Option 1: keep last occurrence
This will keep the last occurrence of every word.
E.g. 'hello,world,hello,world,hello' will result in 'world,hello'
select regexp_replace
(
column_name
,'(?<=^|,)(?<word>.*?),(?=.*(?<=,)\\k<word>(?=,|$))'
,''
)
from mytable
;
+-------------------+
| gun,man |
| shuttle,enemy,run |
| hit,chase |
+-------------------+
Option 2: keep first occurrence
This will keep the first occurrence of every word.
E.g. 'hello,world,hello,world,hello' will result in 'hello,world'
select reverse
(
regexp_replace
(
reverse(column_name)
,'(?<=^|,)(?<word>.*?),(?=.*(?<=,)\\k<word>(?=,|$))'
,''
)
)
from mytable
;
Option 3: sorted
E.g. 'Cherry,Apple,Cherry,Cherry,Cherry,Banana,Apple' will result in 'Apple,Banana,Cherry'
select regexp_replace
(
concat_ws(',',sort_array(split(column_name,',')))

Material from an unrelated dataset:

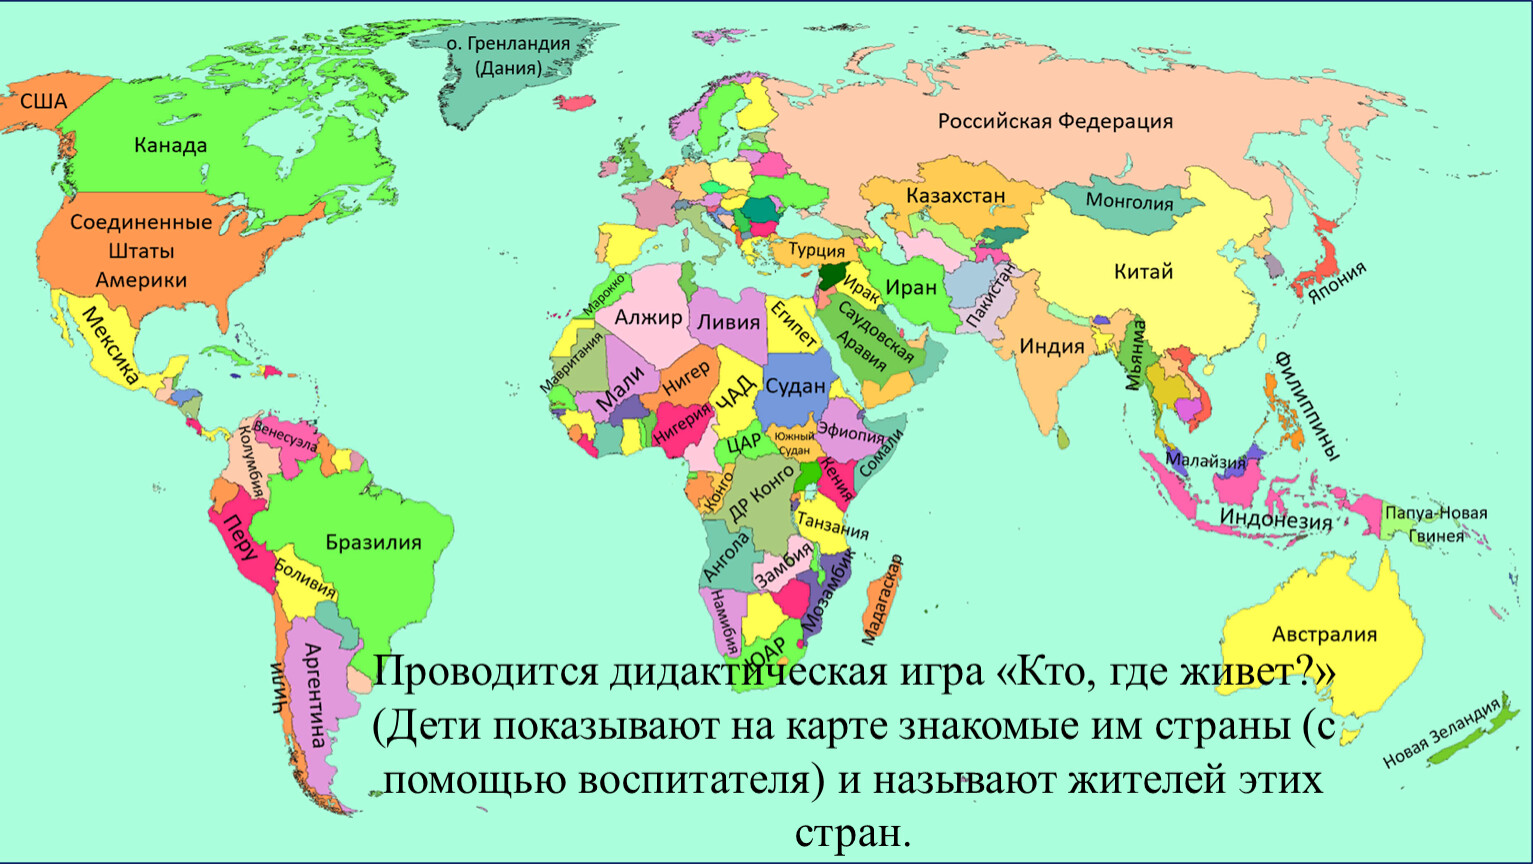 Политическая карта мира с названиями стран на русском языке

,'(?<=^|,)(?<word>.*?)(,\\k<word>(?=,|$))+'
,'${word}'
)
from mytable
;
If value sort is not a concern:
with mytable as (
select 'gun,gun,man,gun,man' as column_name union
select 'shuttle,enemy,enemy,run' as column_name union
select 'hit,chase' as column_name
) -- test data
SELECT column_name, concat_ws(',',collect_set(item)) from (
select distinct column_name, s.item from mytable
lateral view explode(split(column_name,',')) s as item
) t
group by column_name
;
+--------------------------+--------------------+--+
| column_name | _c1 |
+--------------------------+--------------------+--+
| gun,gun,man,gun,man | gun,man |
| hit,chase | chase,hit |
| shuttle,enemy,enemy,run | enemy,run,shuttle |
+--------------------------+--------------------+--+
If want to keep the value sorted:
with mytable as (
select 'gun,gun,man,gun,man' as column_name union
select 'shuttle,enemy,enemy,run' as column_name union
select 'hit,chase' as column_name
) -- test data
select column_name,concat_ws(',',collect_set(item)) as column_name_distincted
from (
select column_name,item, min(pos) as pos
from (
select column_name,pos,item
from mytable
lateral view posexplode(split(column_name,',')) s as pos,item
) t
group by column_name,item
order by column_name,pos
) t
group by column_name
;
+--------------------------+-------------------------+--+
| column_name | column_name_distincted |
+--------------------------+-------------------------+--+
| gun,gun,man,gun,man | gun,man |
| hit,chase | hit,chase |
| shuttle,enemy,enemy,run | shuttle,enemy,run |
+--------------------------+-------------------------+--+